The Federal Rules of Civil Procedure require that a pleading contain "a short and plain statement of the grounds upon which the court's jurisdiction depends," and a "short and plain statement of the claim showing that the pleader is entitled to relief." Fed.R.Civ.P. 8(a)(1) — (2). Plaintiffs deliver neither. While it is true that they "need not provide extensive factual details" in their complaint, their "'short and plain statement' must at least include some factual assertions" to put defendants on notice of the "the event being sued upon." Flowers v. Executive Office of the President, 142 F. Supp. 2d 38, 46-47 (D.D.C. 2001) (citation omitted). Plaintiffs fail to allege any facts in support of their charges of fraud, extortion, and conspiracy on the part of defendants. The court is not "required to speculate that factual propositions unmentioned, or evidentiary links unrevealed," are among the facts plaintiffs seek to establish at some later date. ACLU Found. of S. Cal. v. Barr, 952 F.2d 457, 472 (D.C. Cir. 1991) (citation omitted) (upholding dismissal of complaint omitting essential elements of stated claims).
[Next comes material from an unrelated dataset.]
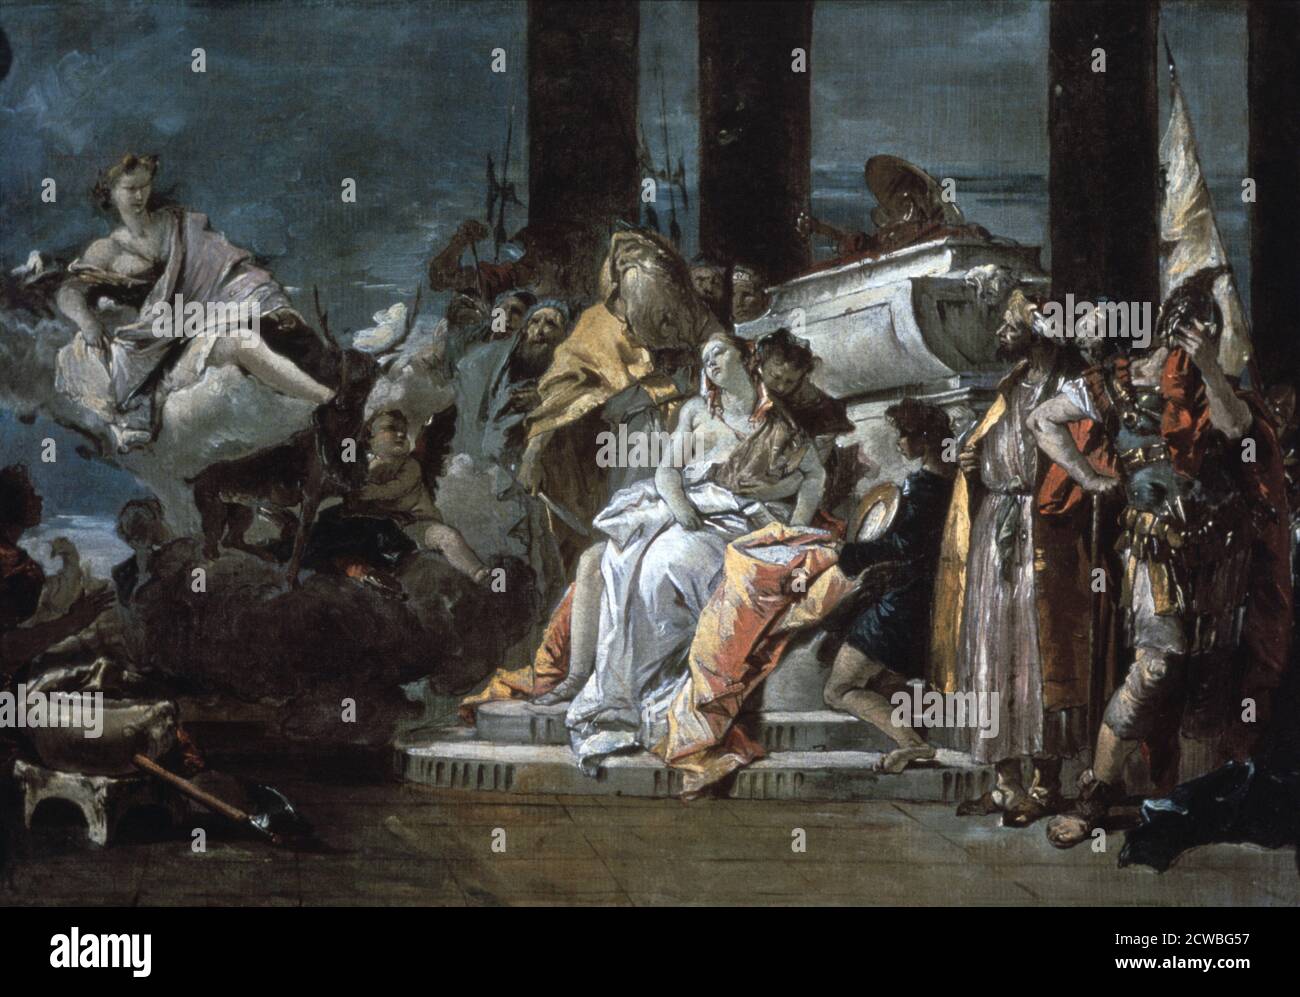 Sacrifice d'Iphigenia' par Giovanni Battista Tiepolo, 1735. Artemis, la déesse grecque de la chasse, observe les préparatifs pour le sacrifice d'Iphigenia, fille d'Agamemnon, qu'elle a exigé. Du musée d'art de l'Université d'Arizona, Tucson, Arizona, États-Unis. Banque D'Images

Regardless of the intensity of plaintiffs' convictions, or the hyperbole of their filings, their claims cannot be sustained because they do not advance beyond pure conjecture.
Plaintiffs request various other forms of declarative and injunctive relief unrelated to the Privacy Act. For instance, they seek declarations that the Internal Revenue Service was never created by Congress; that the regulatory authority of the Secretary of the Treasury to collect taxes applies only to alcohol, tobacco, and firearms; that none of plaintiffs are involved in commercial activities that produce taxable income; that Social Security numbers have been fraudulently assigned to plaintiffs; and that the Internal Revenue Code applies only to federal employees. Am. Compl. at 34-35. When faced with similar "shopworn arguments characteristic of taxprotester rhetoric," Leonard v. Comm'r of Internal Revenue, T.C.M. 1998-290, 1998 WL 453668 (T.C. 1998), courts have readily dismissed such claims as frivolous. See, e.g., United States v. Collins, 920 F.2d 619, 629-30 (10th Cir. 1990); United States v. Sloan, 939 F.2d 499, 500-01 (7th Cir. 1991); Parker v. Comm'r of Internal Revenue, 724 F.2d 469, 471-72 (5th Cir. 1984). This court finds that plaintiffs' present claims require the same disposition.
III. CONCLUSION
For the foregoing reasons, the court concludes that defendants' motion to dismiss, or in the alternative for summary judgment, must be granted. An appropriate order accompanies this memorandum opinion.